Выдумщик
Шрифт:
О нем вспоминал Виктор Конецкий:
– Ну что у нас теперь за начальники? Вот Прокоп был – это да! Любую дверь ногой открывал! Да так, что все эти секретутки летели кувырком, пикнуть не смели! Куда хочешь без доклада входил – и все по стойке смирно стояли!
Конецкому, тоже склонному к такого рода поступкам, Прокоп был люб. Но выросло совершенно новое поколение. «Красным командирам» смеялись в лицо. «Что вы там напартизанили? Загубили страну!» Такого Прокоп вынести не мог. Утешение находил он в вине, а точнее, в водке и, как ни странно, в общении с простыми людьми. «Они-то видят, что я отличный мужик. И не заборзел, не зазнался – любого за стол зову. Нет – народ меня любит и стихи слушает! Это только вот „эти“!» Но «этих» становилось все больше, и постепенно и престиж, и влияние переходили к ним. «Ну что за поэт этот Бродский? – переживал он. – А гонору, что твой Пушкин!» Прокофьева игнорировали. Но все же он был поэтом! Пусть даже когда-то. И помогать людям старался, и был прежде смел. И так, чтоб ни один к нему в конце жизни не подошел… это правильно? Это победа справедливости и добра? Почему-то
Да и Прокоп уже страшен! Время от времени он своей огромной бордовой лапой брал графинчик, казавшийся в его пальцах крошечным, и наливал в маленькие рюмочки – себе и сидящему перед ним верному другу и оруженосцу Толе Чепурову, представлявшему из себя несколько смягченную копию Прокопа. Надо думать, что то был не первый, и даже не третий графин.

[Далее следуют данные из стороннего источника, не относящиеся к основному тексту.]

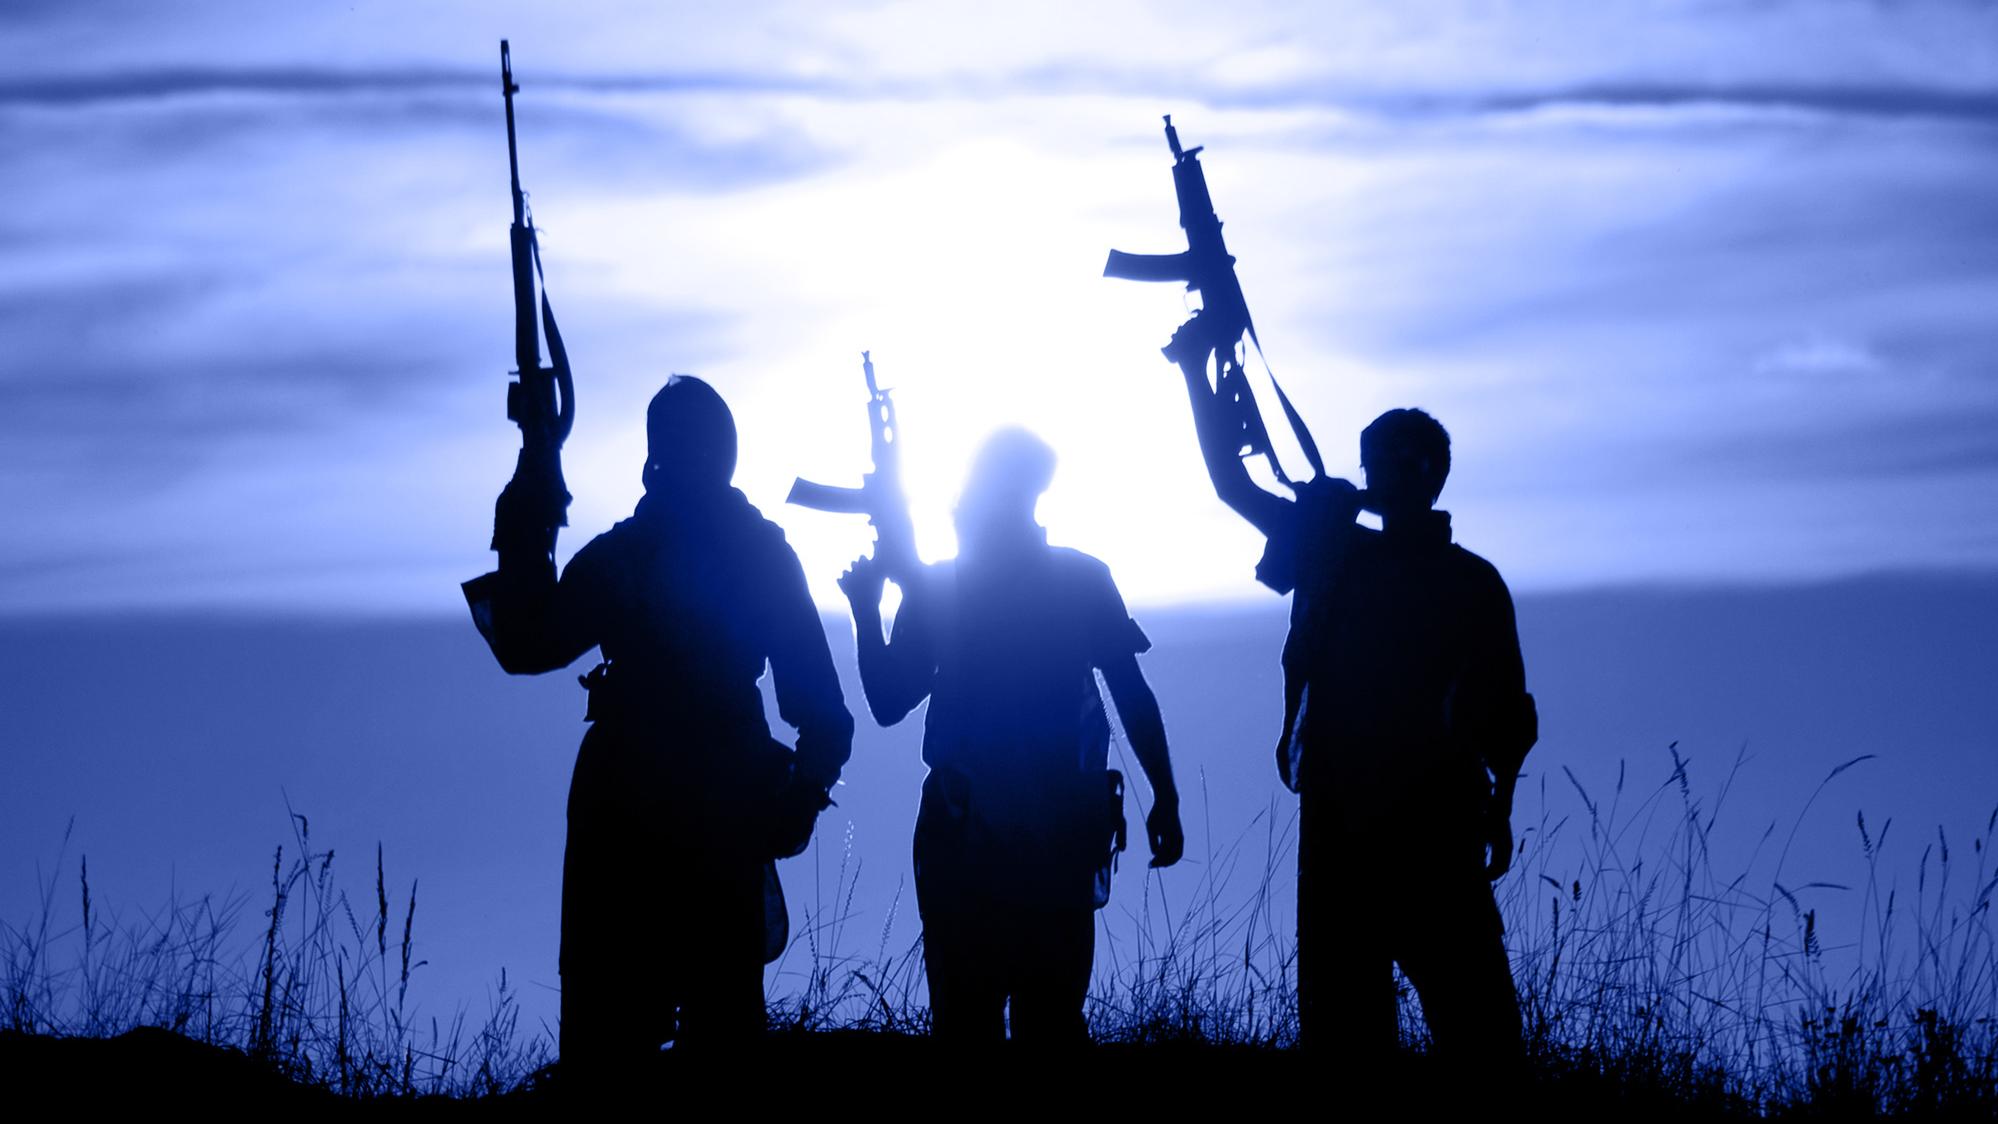 la lutte contre le terrorisme islamiste par la DGSI silhouettes de djihadistes

Конечно, наломал он немало. Ни Евтушенко, ни Вознесенский, ни Ахмадулина не глянулись ему. Или это он уже – в алкогольной ярости крушил все? «Старик Прокофьев нас заметил и, в гроб сводя, благословил». Такая вот эпиграмма осталась в память о нем. Заслужил? Заслужил. Мы победили? Да… И что получили?

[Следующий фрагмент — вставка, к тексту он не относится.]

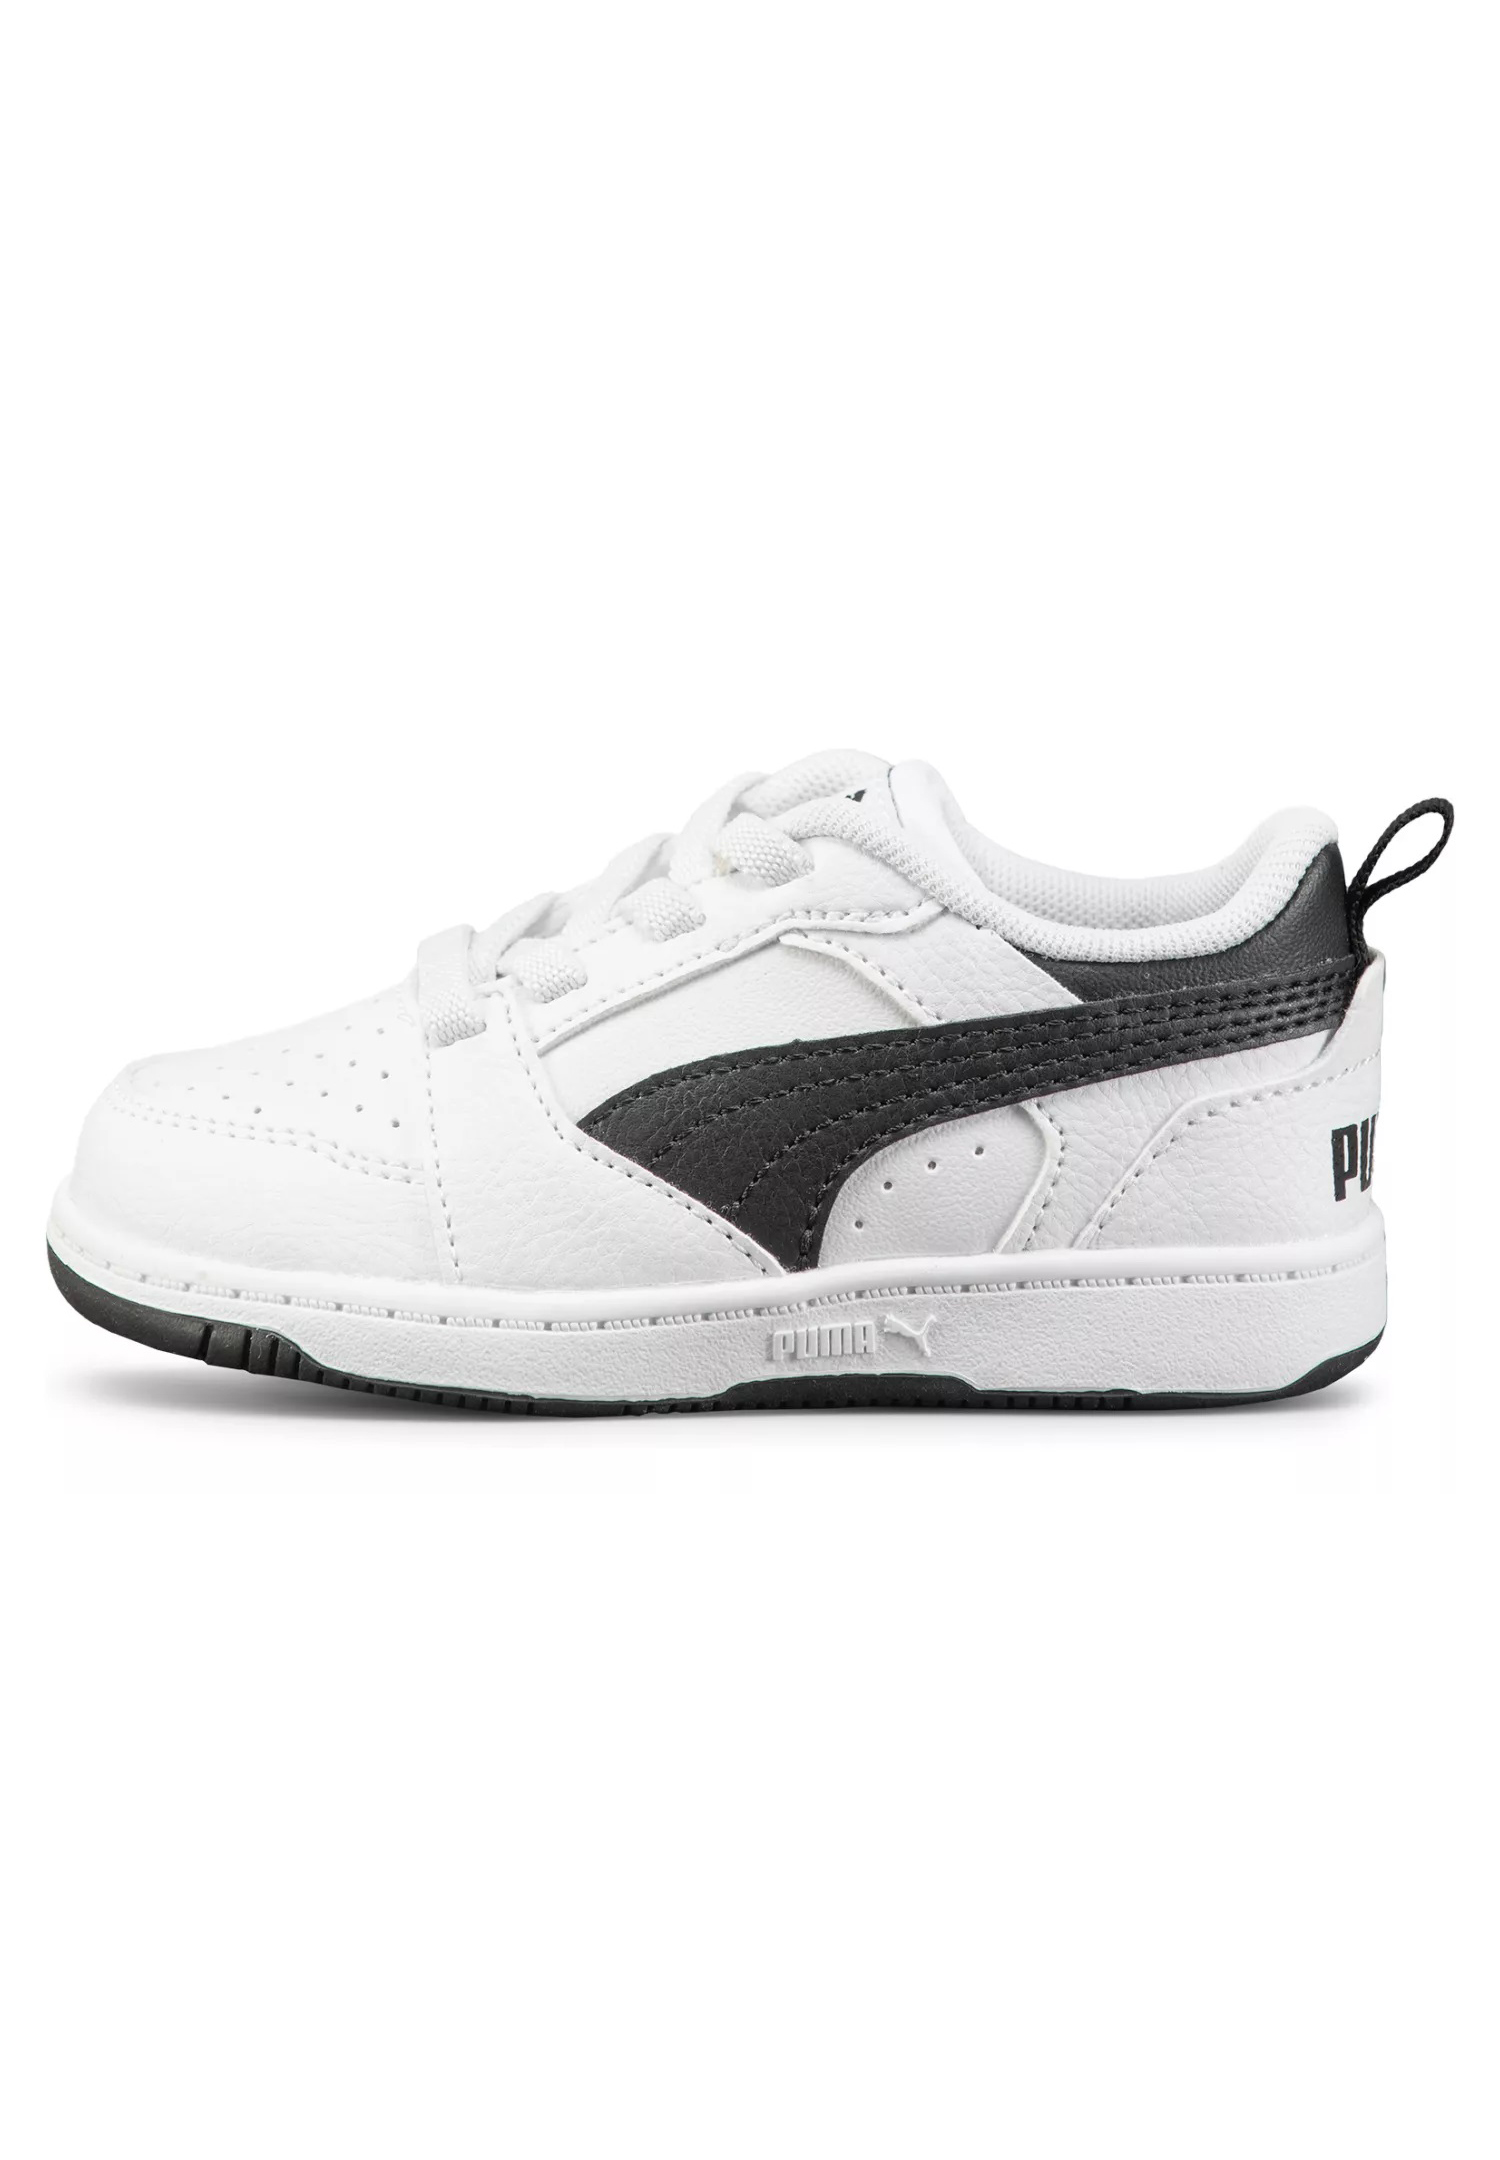 Puma Rebound V6 Lo AC PS Unisex Kinder Sneaker 396742 02 weiß/schwarz

Пировали недолго. После Прокофьева был, кажется, Шестинский, которого взяли на повышение в Москву, потом, ненадолго, Дудин, Гранин. Потом три года был какой-то «замороженный» Холопов, похожий как две капли воды на знаменитого французского комика Луи де Фюнеса, но отнюдь не такой прелестный. Холопов по заданию партии исключал из Союза писателей Ефима Эткинда при почти полной поддержке секретариата. Эткинд вообще много, с точки зрения начальства, позволял себе, а конкретной причиной исключения была его статья про то, что при советской власти Пастернак и другие великие могли выжить лишь благодаря переводам. Эткинд был исключен Холоповым из Союза писателей и гордо уехал. Потом пришли из обкома и назначили начальником Чепурова. Надолго. Писатели, измученные «эпохой перемен», полюбили его. Он имел связи – почти как Прокофьев, и был к тому же дружелюбен, внимателен и, как ни странно, скромен. Не было в нем звериного прокофьевского рыка, того гонора. «Я понимаю, что я поэт средний, – виновато говорил он, выпивая с коллегами. – Но вот, назначили! Делаю, что могу!» И делал, помогал – выпускать книги, получать квартиры. Притом и стихи его были вполне пристойные, не фальшивые. Чепуров – это было лучшее для того времени. Впрочем, я тогда по «служебной лестнице», которая вела прямо от входа на второй этаж, и не думал тогда подниматься, и даже не знал, что именно там находится, – только вниз, и по сырому коридору мимо гардероба и туалета, возле которого стояла почему-то величественная статуя Маяковского, чей правый ботинок, торчащий вперед, пьяные писатели то и дело отламывали, пытаясь найти в нем поддержку и всей тяжестью наваливаясь на него. Дальше шла уже роскошь, начинался дворец (до этого мы шли через помещение «служебное», а тут – короткая мраморная лестница с бронзовой скульптурой (исчезнувшей в боях за свободу), и у подножия лестницы – настоящий, парадный вход во дворец). Казалось бы, здесь и надо впускать писателей. Ан нет! Мы прислуга таки. Только в гробу удавалось пройти через эти двери – но торжественной панихиды в актовом зале удостаивались не все. Так что нам парадная и в гробу не светила.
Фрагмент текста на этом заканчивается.